Shelley Taylor, a professor of psychology at the University of California-Los Angeles who studies issues related to relationships, stress and health, will deliver a pair of lectures Thursday and Friday, May 10-11.

Taylor will speak at 8 p.m. May 10 in 101 Friend Center on "Fight-or-Flight Versus Tend-and-Befriend: Do Men and Women Cope Differently With Stress?" Her second talk, set for 4 p.m. May 11 in 0-S-6 Green Hall, is titled "Why Do Psychosocial Resources Affect Health Across the Lifespan?"

Taylor studies the impact of social relationships and positive beliefs on physical and mental health. She has proposed the "tend-and-befriend" model for how people respond to stress, which suggests that women are more likely than men to deal with stress by seeking positive social relationships. In addition, Taylor studies how culture shapes individuals' responses to stressful situations.

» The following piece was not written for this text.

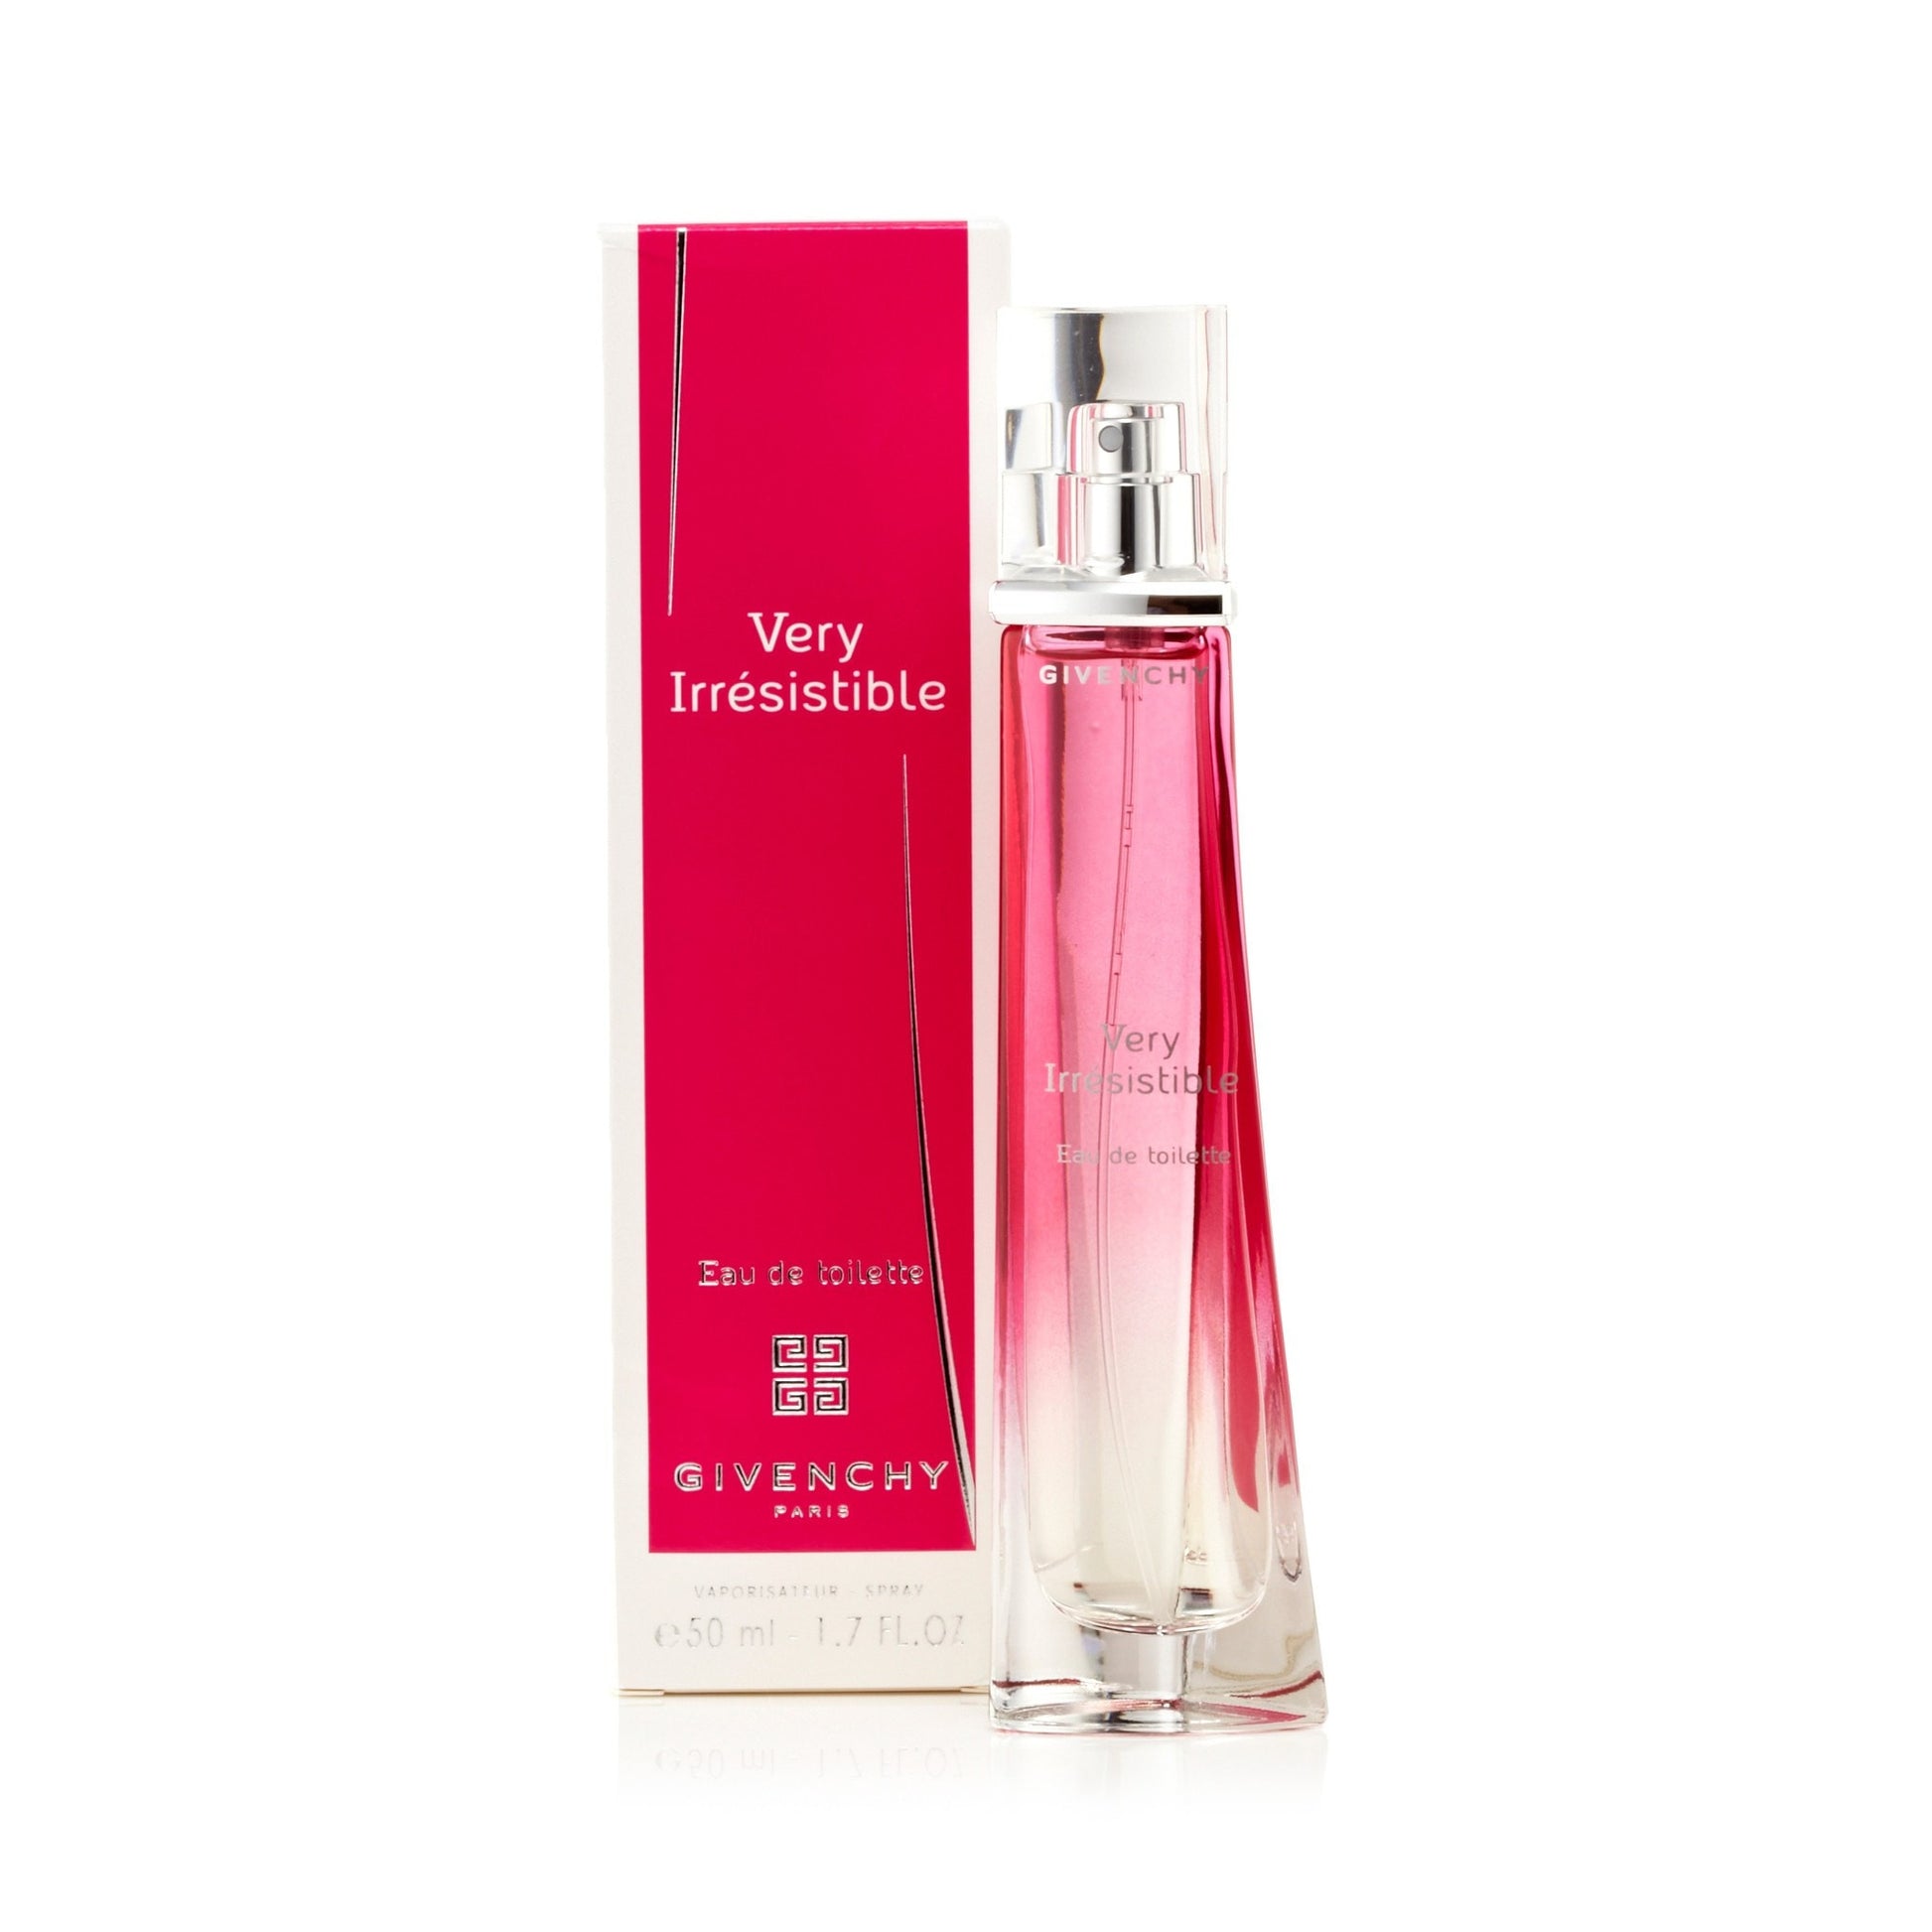  Very Irresistible Eau de Toilette Spray for Women by Givenchy 1.7 oz. Click to open in modal

Taylor is co-director of the health psychology program at UCLA and the director of the UCLA Social Neuroscience Lab. She has written more than 300 journal publications and four books, including "The Tending Instinct: How Nurturing Is Essential to Who We Are and How We Live." Taylor is the recipient of numerous awards, including the American Psychological Association's Distinguished Scientific Contribution to Psychology Award.

The talks are part of the Department of Psychology's annual Edward E. Jones Lecture Series.